Essentially the same models, but let us focus on different things.
Circuits
- Logic gates (AND/OR/not) connected by wires
- important measures
- number of gates
- depth (clock cycles in synchronous circuit)
- bounded vs unbounded fan-in/out
- $AC(k)$ and $NC(k)$: unbounded and bounded fan-in with depth $O(\log^k n)$ for problems of size $n$
- $AC(k) \subset NC(k) \subset AC(k+1)$ using full binary tree
- $NC=\cup NC(k)=\cup AC(k)$
Addition
- consider adding $a_i$ and $b_i$ with carry $c_{i-1}$ to produce output $s_i$ and next carry $c_i$
- Ripple carry: $O(n)$ gates, $O(n)$ time
- Carry lookahead: $O(n)$ gates, $O(\log n)$ time
- preplan for late arrival of $c_i$.
- given $a_i$ and $b_i$, three possible cases for $c_i$
- if $a_i=b_i$, then $c_i=a_i$ determined without $c_{i-1}$: generate $c_1=1$ or kill $c_i=0$
- otherwise, propagate $c_i=c_{i-1}$
- write $x_i=k,g,p$ accordingly
- consider $3 \times 3$ “multiplication table” for effect of two adders in a row.

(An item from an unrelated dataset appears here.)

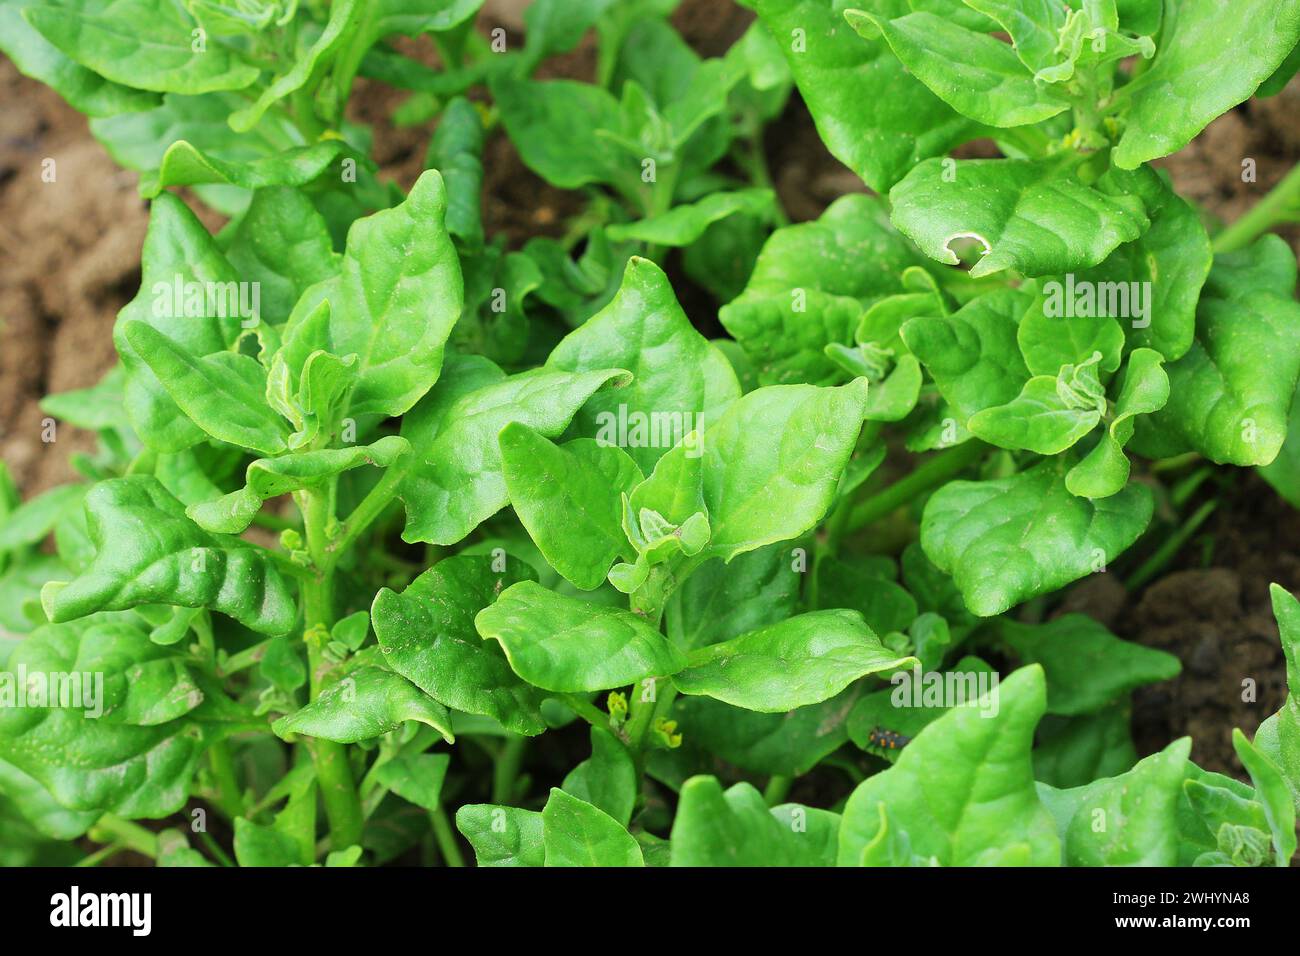 Tetragonia tetragonioides, New Zealand spinach growing in garden Stock Photo

- pair propagates previous carry only if both propagate.
$x_i$ $k$ $p$ $g$ $k$ $k$ $k$ $g$ $x_{i-1}$ $p$ $k$ $p$ $g$ $g$ $k$ $g$ $g$ - Now let $y_0=k$, $y_i = y_{i-1} \times x_i$
- constraints “multiplication table” by induction
$x_i$ $k$ $p$ $g$ $k$ $k$ $k$ $g$ $y_{i-1}$ $p$ $k$ never $g$ $g$ $k$ $g$ $g$ - conclude: $y_i=k$ means $c_i=0$, $y_i=g$ means $c_i=1$, and $y_i=p$ never happens
- so problem reduced to computing all $y_i$ in parallel
Parallel prefix
- Build full binary tree
- two gates at each node
- pass up product of all children
- pass down product of all $x_i$ preceding leftmost child
- works for any associative function
PRAM
various conflict resolutions (CREW, EREW, CRCW)
- $CRCW(k) \subset EREW(k+1)$
- $NC = \cup CRCW(k)$
PRAMs simulate circuits, and vice versa
- So $NC$ well-defined
differences in practice
- CRCW can OR in $O(1)$ time
- EREW requires $\log n$ time (info theory lower bound)
- EREW needs $\log n$ to find max
- CRCW finds max in constant time with $n^2$ processors
- Compare every pair
- If an item loses, write “not max” in its entry
- Check all entries
- If item is max (not overwritten), write its value in answer
- in $O(\log\log n)$ time with $n$ processors
- Suppose $k$ items remain
- Make $k^2/n$ blocks of $n/k$ items
- quadratic time max for each: $(k^2/n)(n/k)^2=n$ processors total
- recurrence: $T(k)=1+T(k^2/n)$
- $T(n/2^i)=1+T(n/2^{2i})$
- so $\log\log n$ iters.
parallel prefix
- using $n$ processors
list ranking EREW
- next pointers $n(x)$
- $d(x)+=d(n(x))$; $n(x)=n(n(x))$.
- by induction, sum of values on path to end doesn't change
Work-Efficient Algorithms
Idea:
- We've seen parallel algorithms that are somewhat “inefficient”
- do more total work (processors times time) than sequential
- Ideal solution: arrange for total work to be proportional to best sequential work
- Work-Efficient Algorithm
- Then a small number of processors (or even 1) can “simulate” many processors in a fully efficient way
- Parallel analogue of “cache oblivious algorithm”---you write algorithm once for many processors; lose nothing when it gets simulated on fewer.
Brent's theorem
- Different perspective on work: count number of processors actually working in each time step.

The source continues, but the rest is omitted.